## ENTRIES SUPPLIED

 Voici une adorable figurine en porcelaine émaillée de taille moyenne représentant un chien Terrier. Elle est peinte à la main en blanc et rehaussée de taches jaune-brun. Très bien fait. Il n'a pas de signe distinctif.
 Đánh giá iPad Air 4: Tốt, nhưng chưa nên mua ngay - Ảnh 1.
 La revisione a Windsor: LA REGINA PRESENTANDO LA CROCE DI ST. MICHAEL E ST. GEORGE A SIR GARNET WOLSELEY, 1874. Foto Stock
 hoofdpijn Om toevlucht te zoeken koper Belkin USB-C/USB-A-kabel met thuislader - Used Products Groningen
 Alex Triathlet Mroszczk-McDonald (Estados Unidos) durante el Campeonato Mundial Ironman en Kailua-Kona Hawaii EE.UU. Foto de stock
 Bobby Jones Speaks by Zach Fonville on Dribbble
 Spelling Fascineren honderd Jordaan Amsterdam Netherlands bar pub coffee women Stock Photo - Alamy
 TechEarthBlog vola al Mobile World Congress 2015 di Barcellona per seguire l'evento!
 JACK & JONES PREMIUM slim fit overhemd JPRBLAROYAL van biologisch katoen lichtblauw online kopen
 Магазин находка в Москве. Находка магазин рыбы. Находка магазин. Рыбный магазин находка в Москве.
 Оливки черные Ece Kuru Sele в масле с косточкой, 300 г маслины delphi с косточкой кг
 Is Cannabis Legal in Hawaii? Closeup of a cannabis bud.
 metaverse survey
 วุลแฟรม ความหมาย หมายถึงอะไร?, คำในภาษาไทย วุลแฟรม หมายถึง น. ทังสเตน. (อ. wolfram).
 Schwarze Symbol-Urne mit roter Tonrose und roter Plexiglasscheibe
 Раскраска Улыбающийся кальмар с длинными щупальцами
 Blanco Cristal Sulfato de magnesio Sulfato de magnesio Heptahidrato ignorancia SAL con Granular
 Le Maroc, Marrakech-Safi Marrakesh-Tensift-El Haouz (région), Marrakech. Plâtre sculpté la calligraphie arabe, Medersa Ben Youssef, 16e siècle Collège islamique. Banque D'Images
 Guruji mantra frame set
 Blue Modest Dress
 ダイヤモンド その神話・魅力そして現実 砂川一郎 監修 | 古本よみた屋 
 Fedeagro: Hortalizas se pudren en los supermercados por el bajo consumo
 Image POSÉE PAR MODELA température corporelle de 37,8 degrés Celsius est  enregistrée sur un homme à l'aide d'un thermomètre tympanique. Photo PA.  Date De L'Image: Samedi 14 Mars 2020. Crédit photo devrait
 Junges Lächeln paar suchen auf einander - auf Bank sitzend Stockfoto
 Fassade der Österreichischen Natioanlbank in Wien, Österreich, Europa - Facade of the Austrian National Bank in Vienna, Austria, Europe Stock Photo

## REQUIRED WORK
With the first line being the one containing "Alex Triathlet Mroszczk-McDonald" and the last line the one containing "TechEarthBlog vola al", transcribe exactly the lines above that fall in that range.

## PROBLEM SOLUTION
 Alex Triathlet Mroszczk-McDonald (Estados Unidos) durante el Campeonato Mundial Ironman en Kailua-Kona Hawaii EE.UU. Foto de stock
 Bobby Jones Speaks by Zach Fonville on Dribbble
 Spelling Fascineren honderd Jordaan Amsterdam Netherlands bar pub coffee women Stock Photo - Alamy
 TechEarthBlog vola al Mobile World Congress 2015 di Barcellona per seguire l'evento!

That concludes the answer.